The first call to plsRegression
fixes the number of components to 3 for
both response variables, and the second call performs K-fold cross
validation. Note that because n is small, plsRegression
performs
leave-one-out (LOO) cross–validation.
from __future__ import print_function
from numpy import *
from pyimsl.stat.plsRegression import plsRegression
from pyimsl.stat.writeMatrix import writeMatrix
from pyimsl.stat.errorOptions import errorOptions
ncomps = 3
x = [[-4.0, 2.0, 1.0],
[-4.0, -2.0, -1.0],
[4.0, 2.0, -1.0],
[4.0, -2.0, 1.0]]
y = [[430.0, -94.0],
[-436.0, 12.0],
[-361.0, -22.0],
[367.0, 104.0]]
yhat = []
se = []
yhat2 = []
se2 = []
# Print out informational error.
errorPrintSetting = {"type": 2, "setting": 1}
errorOptions(setPrint=errorPrintSetting)
print("Example 1a: no cross-validation, request %d components." % ncomps)
coef = plsRegression(y, x,
nComponents=ncomps,
crossValidation=0,
printLevel=1,
predicted=yhat,
stdErrors=se)
print("\nExample 1b: cross-validation")
coef2 = plsRegression(y, x,
nFold=4,
printLevel=1,
predicted=yhat2,
stdErrors=se2)
Output¶
Example 1a: no cross-validation, request 3 components.
***
*** Warning error issued from IMSL function plsRegression:
*** Error code 11432.
***
Example 1b: cross-validation
***
*** Warning error issued from IMSL function plsRegression:
*** Error code 11432.
***
PLS Coeff
1 2
1 0.8 10.2
2 17.2 -29.0
3 398.5 5.0
Predicted Y
1 2
1 430 -94
2 -436 12
3 -361 -22
4 367 104
Std.

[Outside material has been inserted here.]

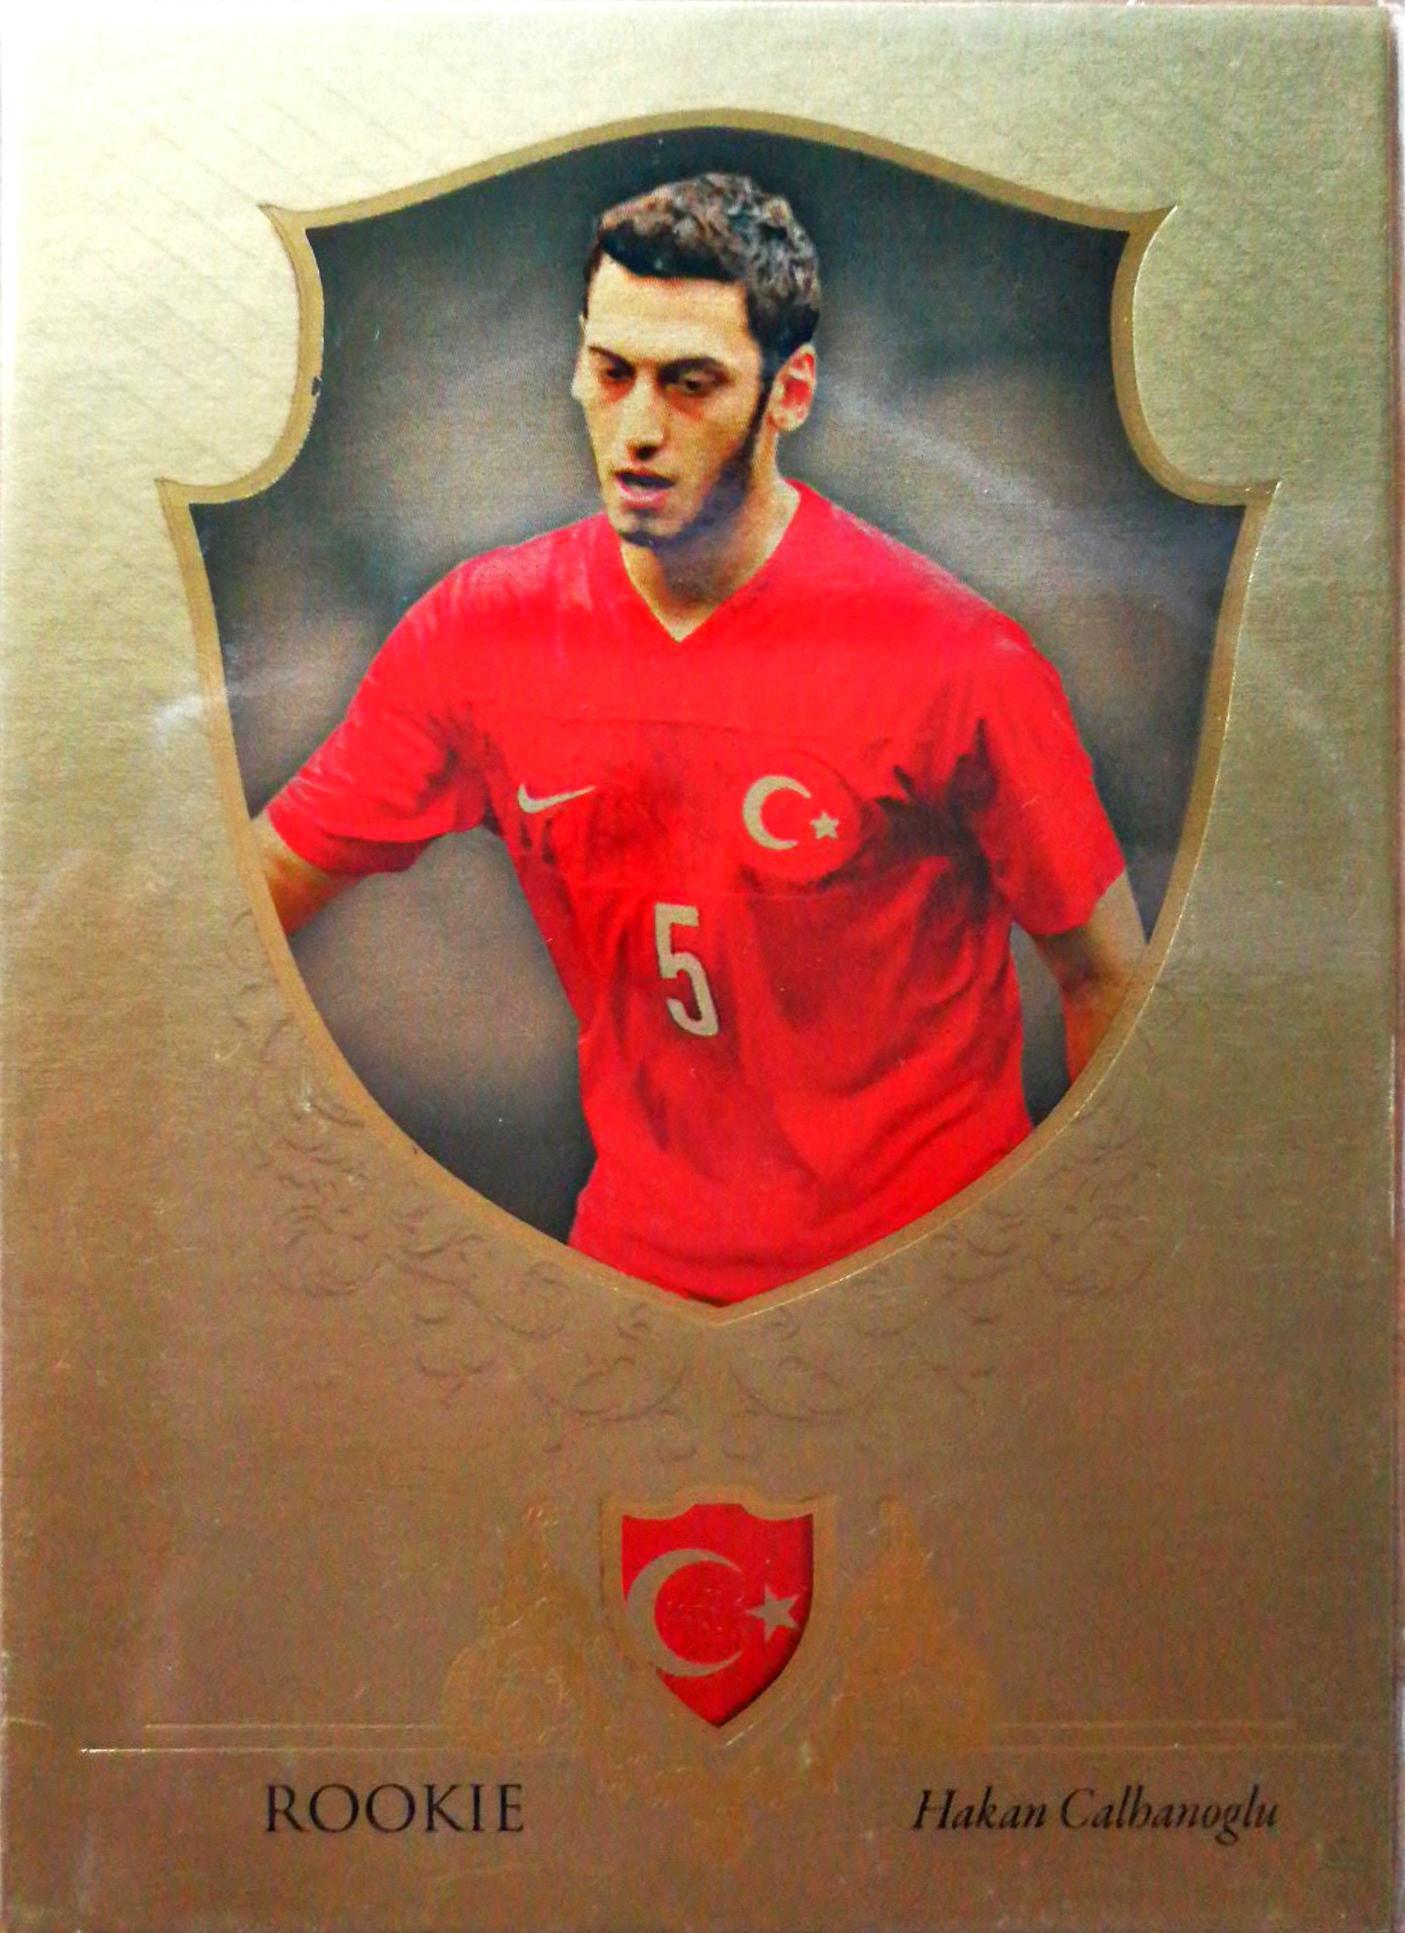 【Ed】2016Futera世界足球Unique特制版球星卡Hakan calhanoglu恰尔汗奥卢土耳其1/11NO.091基础卡特殊号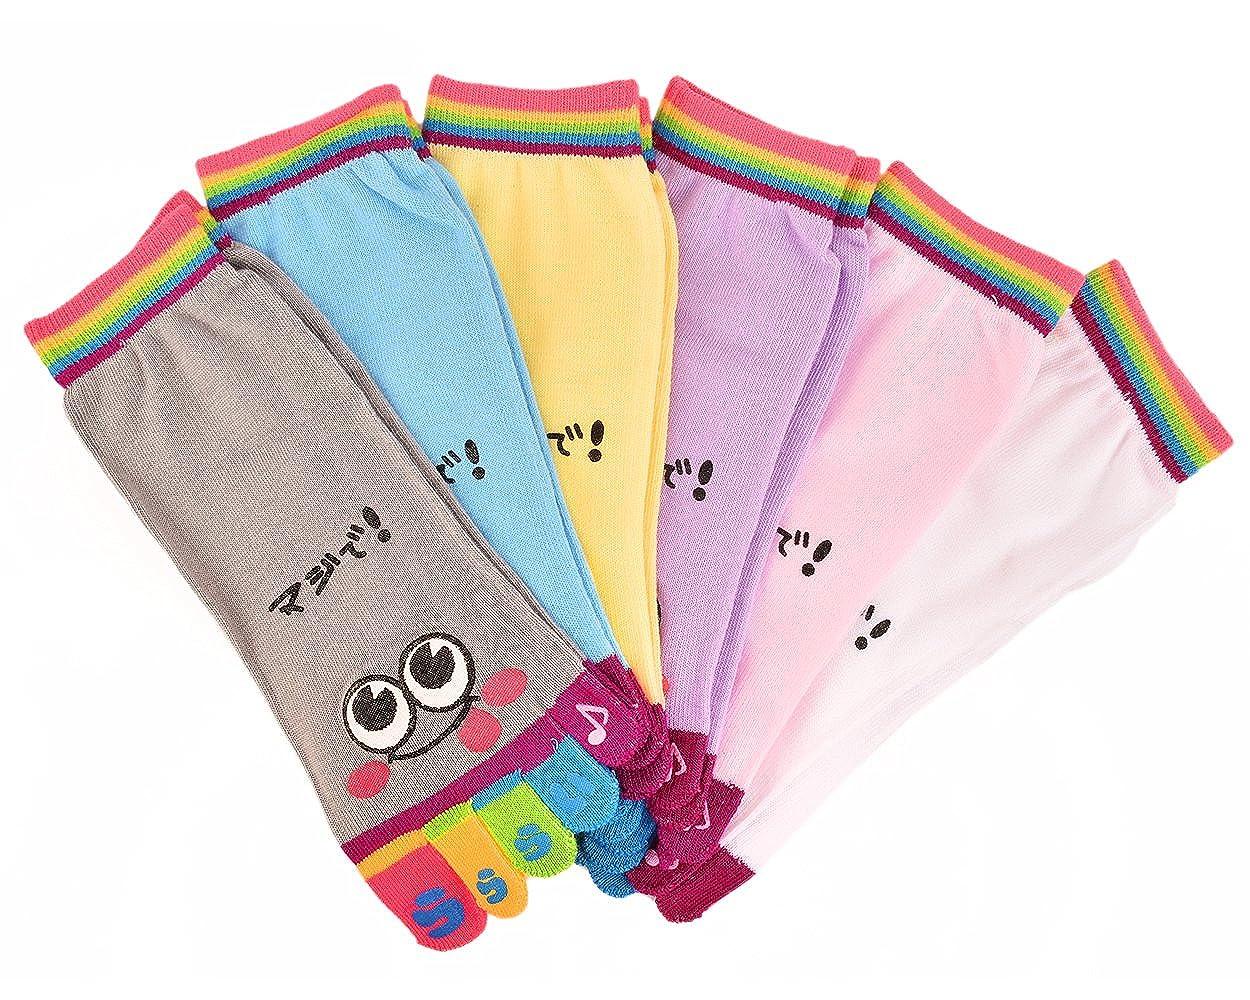 Shopready Toe Socks 6 Pairs of Cartoon Five Fingers Socks Yoga Socks for Women Girls

Errors
1 2
1 131.5 5.1
2 263.0 10.3
3 526.0 20.5
Cross-validated results for response 1:
Comp PRESS
1 3860649
2 5902575
3 5902575
The best model has 1 component(s).
Cross-validated results for response 2:
Comp PRESS
1 36121
2 8984
3 8984
The best model has 2 component(s).
PLS Coeff
1 2
1 15.9 12.7
2 49.2 -23.9
3 371.1 0.6
Predicted Y
1 2
1 405.8 -97.8
2 -533.3 -3.5
3 -208.8 2.2
4 336.4 99.1
Std. Errors
1 2
1 134.1 7.1
2 269.9 3.8
3 478.5 19.5
Example 2¶
The data, as appears in S. Wold, et.al. (2001), is a single response variable, the “free energy of the unfolding of a protein”, while the predictor variables are 7 different, highly correlated measurements taken on 19 amino acids.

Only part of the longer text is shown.